E. A. Mario fu direttore del coro degli allievi della Scuola Militare Nunziatella intorno al 1921[2].

Lo studio[modifica | modifica wikitesto]

Fu un appassionato lettore di libri, specialmente storici, e così riuscì a formarsi una cultura assai ricca e pluridisciplinare.

In gioventù si iscrisse all'Istituto nautico ma, poiché le tasse scolastiche risultavano troppo impegnative per la modesta economia familiare, non poté mai concludere gli studi e diventare capitano di lungo corso.

Il mandolino[modifica | modifica wikitesto]

Elvira Donnarumma ed E. A. Mario, con il mandolino, nel 1925

Quando aveva circa dieci anni, un posteggiatore, entrato nel negozio di barbiere del padre, dimenticò un mandolino sulla sedia e, grazie a quello strumento, che prese a strimpellare da solo, iniziò a suonare e a comporre le prime melodie. Apprese poi a suonare bene il mandolino e imparò a leggere la musica da autodidatta grazie a una pubblicazione settimanale della Casa Editrice Sonzogno, "La musica senza maestro". L'intera raccolta è tuttora in possesso della figlia Bruna. Molti lo chiamavano "maestro", ma lui, pur essendo di fatto divenuto musicista, si schermiva dicendo di non esserlo. Egli componeva la melodia, l'armonia completa di motivo e, in seguito, un maestro esperto trascriveva le partiture senza cambiare quasi mai nulla del motivo originale, sui testi precisi nel ritmo che, già all'abbozzo, risultavano perfetti e facili da trascrivere sul pentagramma.

Il lavoro alle Poste[modifica | modifica wikitesto]

Giovanissimo si impiegò nelle Regie Poste Italiane a Napoli, lavorando negli uffici di Palazzo Gravina, nella zona di Monteoliveto, vecchia sede delle Poste Napoletane, dove - alcuni anni prima di lui - aveva lavorato come telegrafista la scrittrice Matilde Serao.

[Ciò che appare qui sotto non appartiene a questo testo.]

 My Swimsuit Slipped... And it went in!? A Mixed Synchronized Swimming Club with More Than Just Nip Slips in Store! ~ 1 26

Gaeta fu assegnato allo sportello delle raccomandate e dei vaglia, dove, dopo poco tempo, fece un incontro fortunato. Un giorno riconobbe davanti a lui, avendone letto il cognome come mittente di una raccomandata, il musicista Raffaele Segrè, noto compositore di canzonette dell'epoca. Il giovane impiegato gli disse: «Maestro, le vostre musiche sono bellissime, ma i testi sono tante papucchielle!». Il musicista, risentito, stava quasi per rispondergli in malo modo, ma le molte persone presenti e i colleghi del poeta, che già lo conoscevano molto bene, gli fecero capire che il ragazzo era molto bravo poeticamente: «Professò, chisto è uno ca 'e poesia se ne intende!». Il Segrè allora, preso da un'istintiva simpatia, gli lanciò una sfida: «Facimme 'na cosa, scrivetemi voi un testo, una poesia, e io, se sarà bella, ve la musicherò!»[senza fonte].

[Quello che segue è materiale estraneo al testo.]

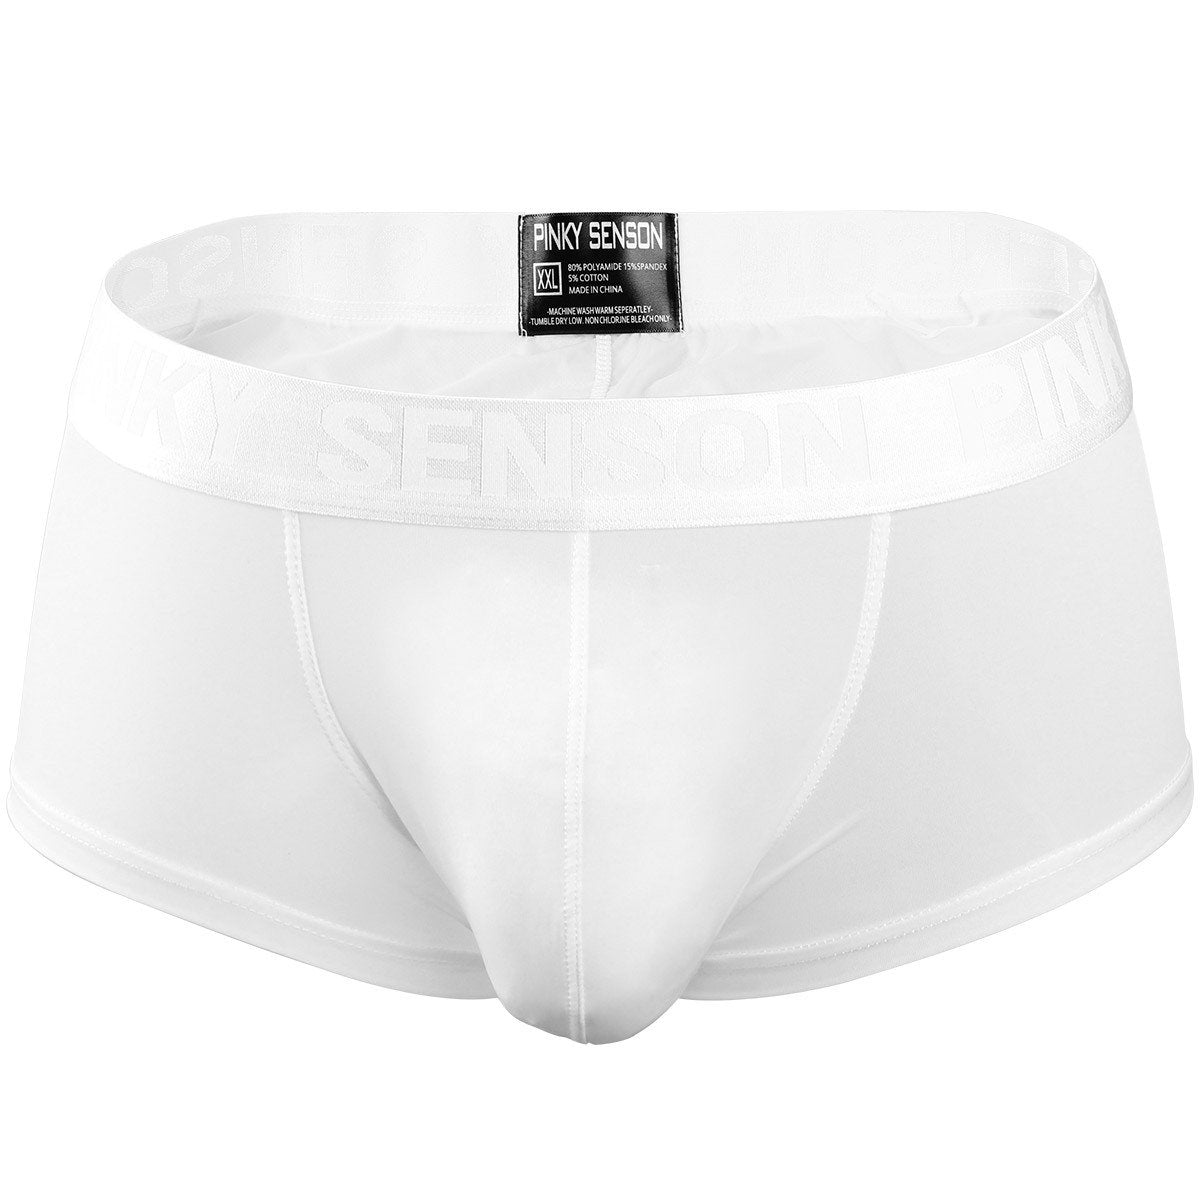 Men's Ice Silk thin Low-rise Solid Boxer Briefs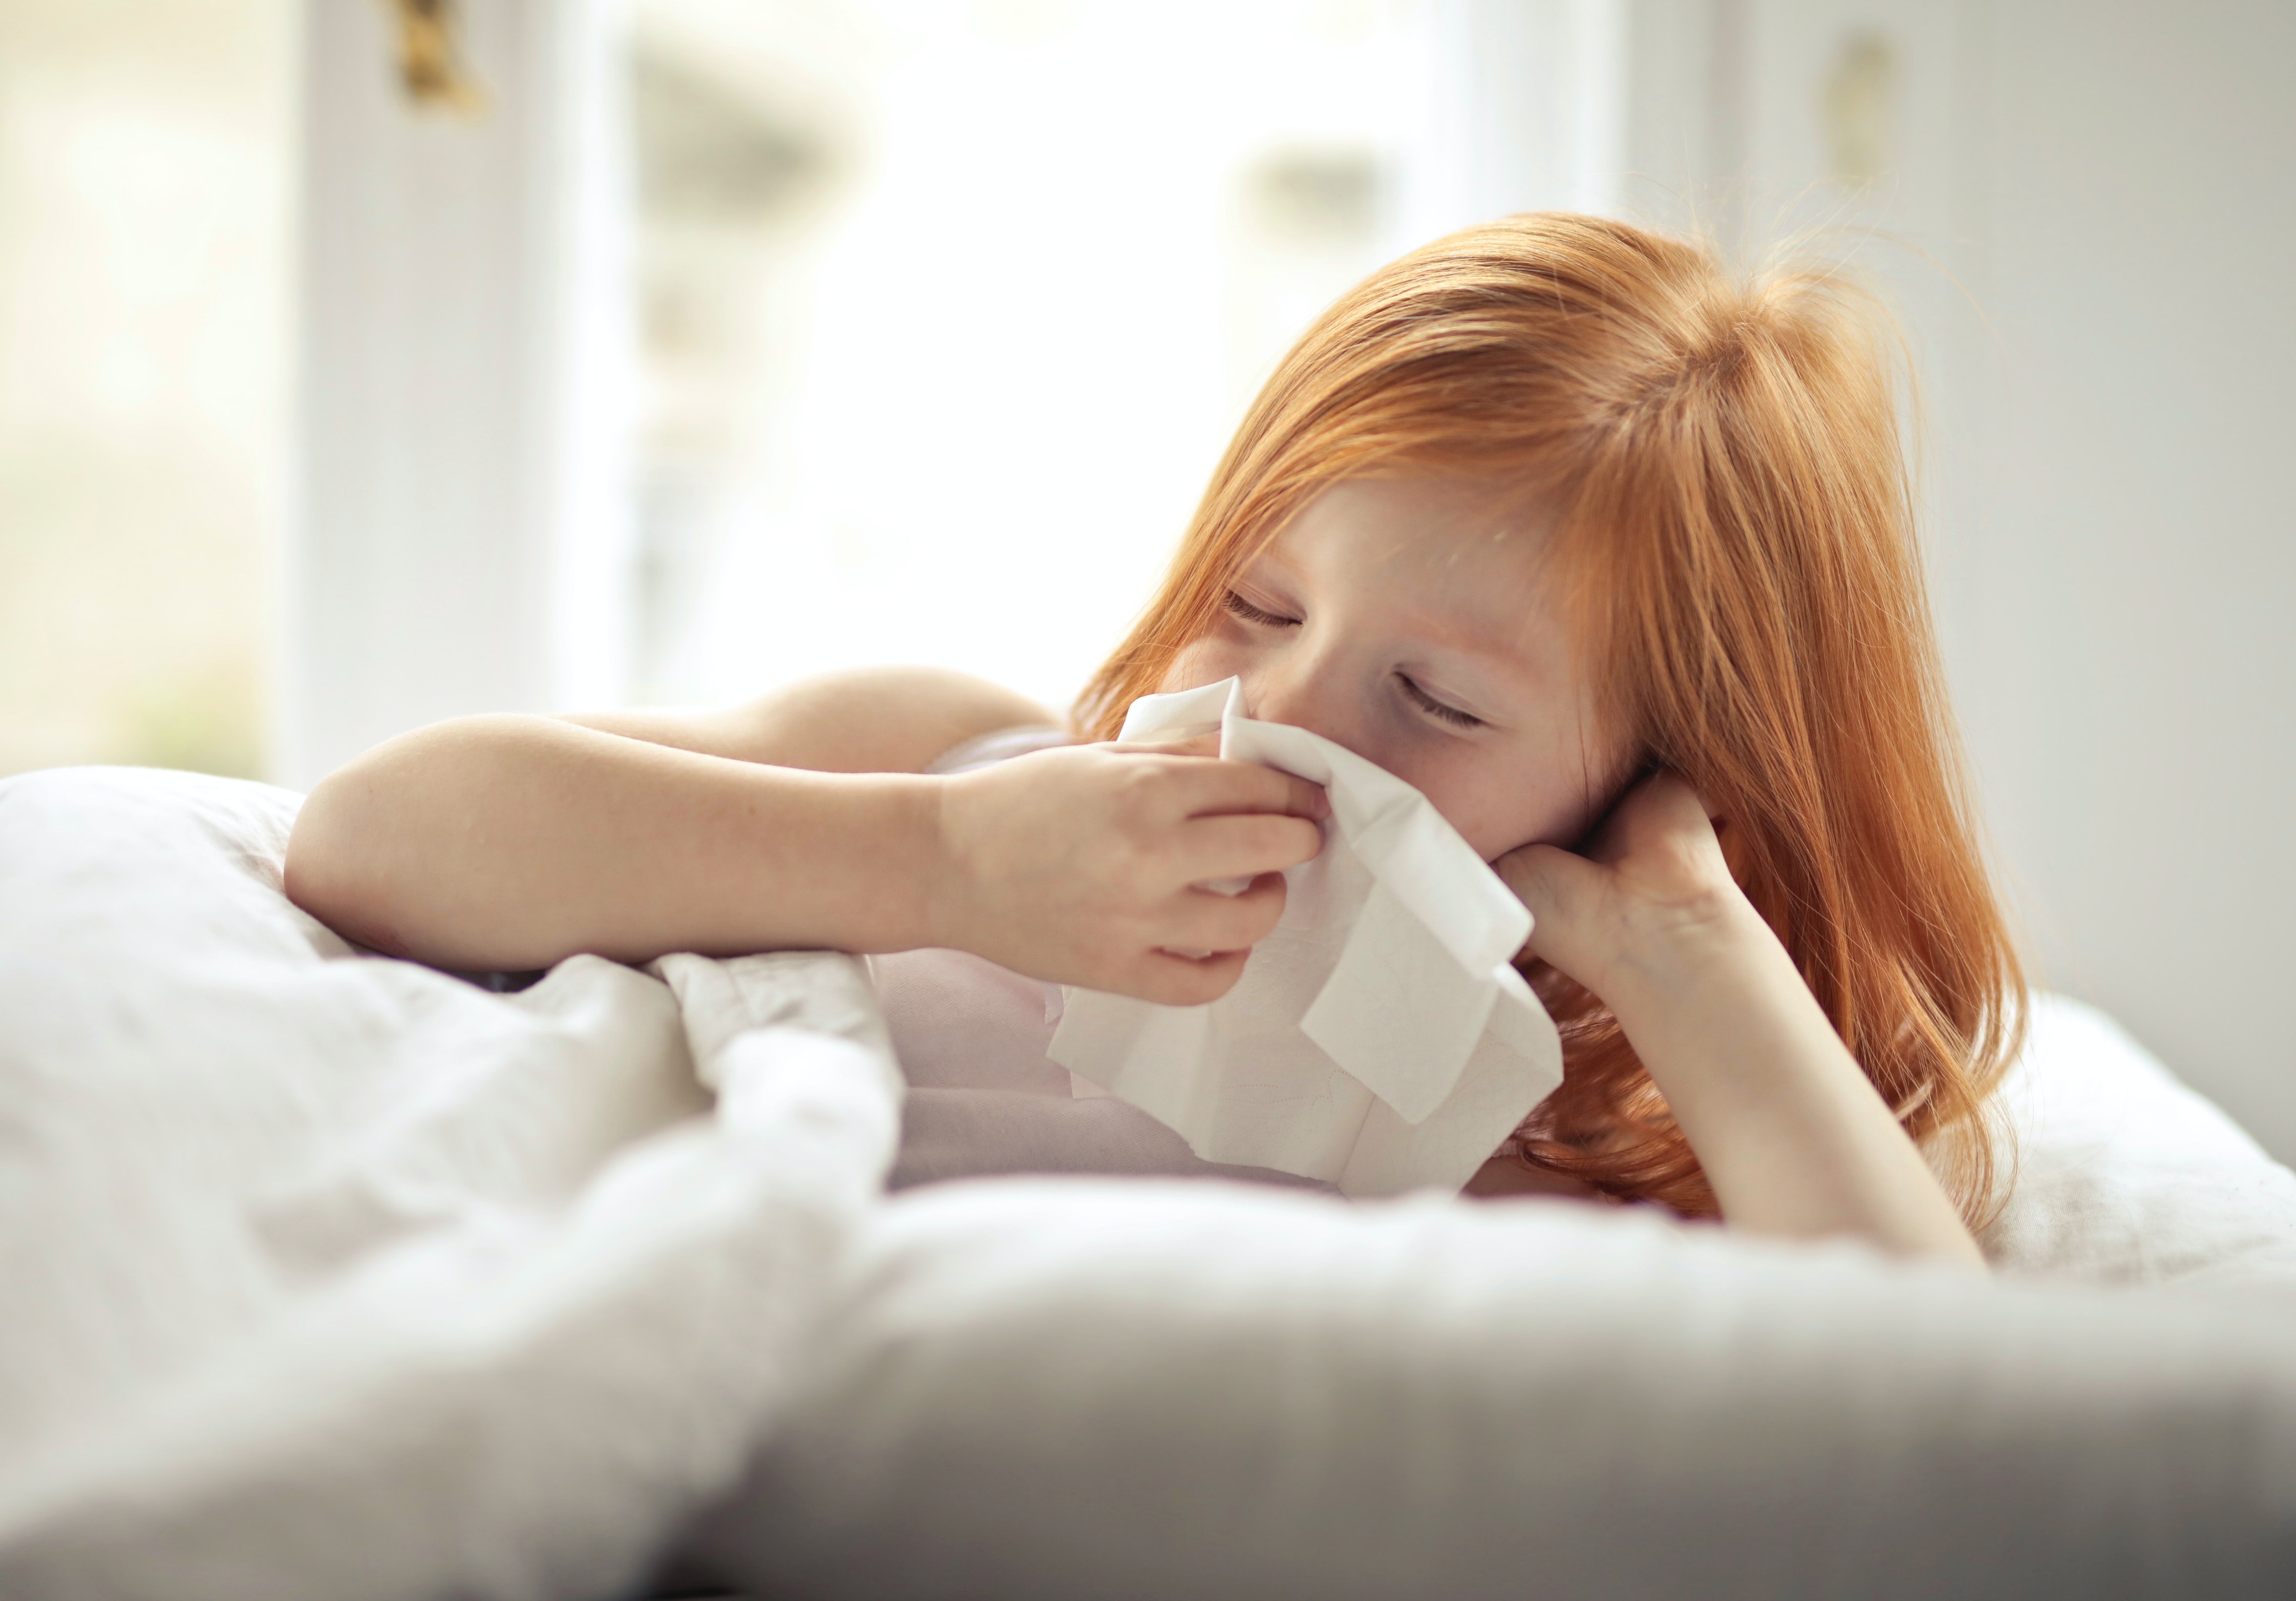 Special Things to Do for Your Children When They Sick

Fu così che nacque la sua prima canzone in lingua napoletana, "Cara mamma", pubblicata dalla Casa editrice Ricordi.

L'inizio dell'attività di poeta[modifica | modifica wikitesto]

E. A. Mario

La sua attività di poeta iniziò nel 1902 a Genova e a Bergamo. A Genova conobbe Alessandro Sacheri, giornalista e redattore capo de Il Lavoro che, resosi conto del valore del giovanotto (aveva diciotto anni), gli diede il suo primo lavoro da giornalista. Il giovane scelse di utilizzare lo pseudonimo di "Hermes", utilizzato alternativamente con "Ermes".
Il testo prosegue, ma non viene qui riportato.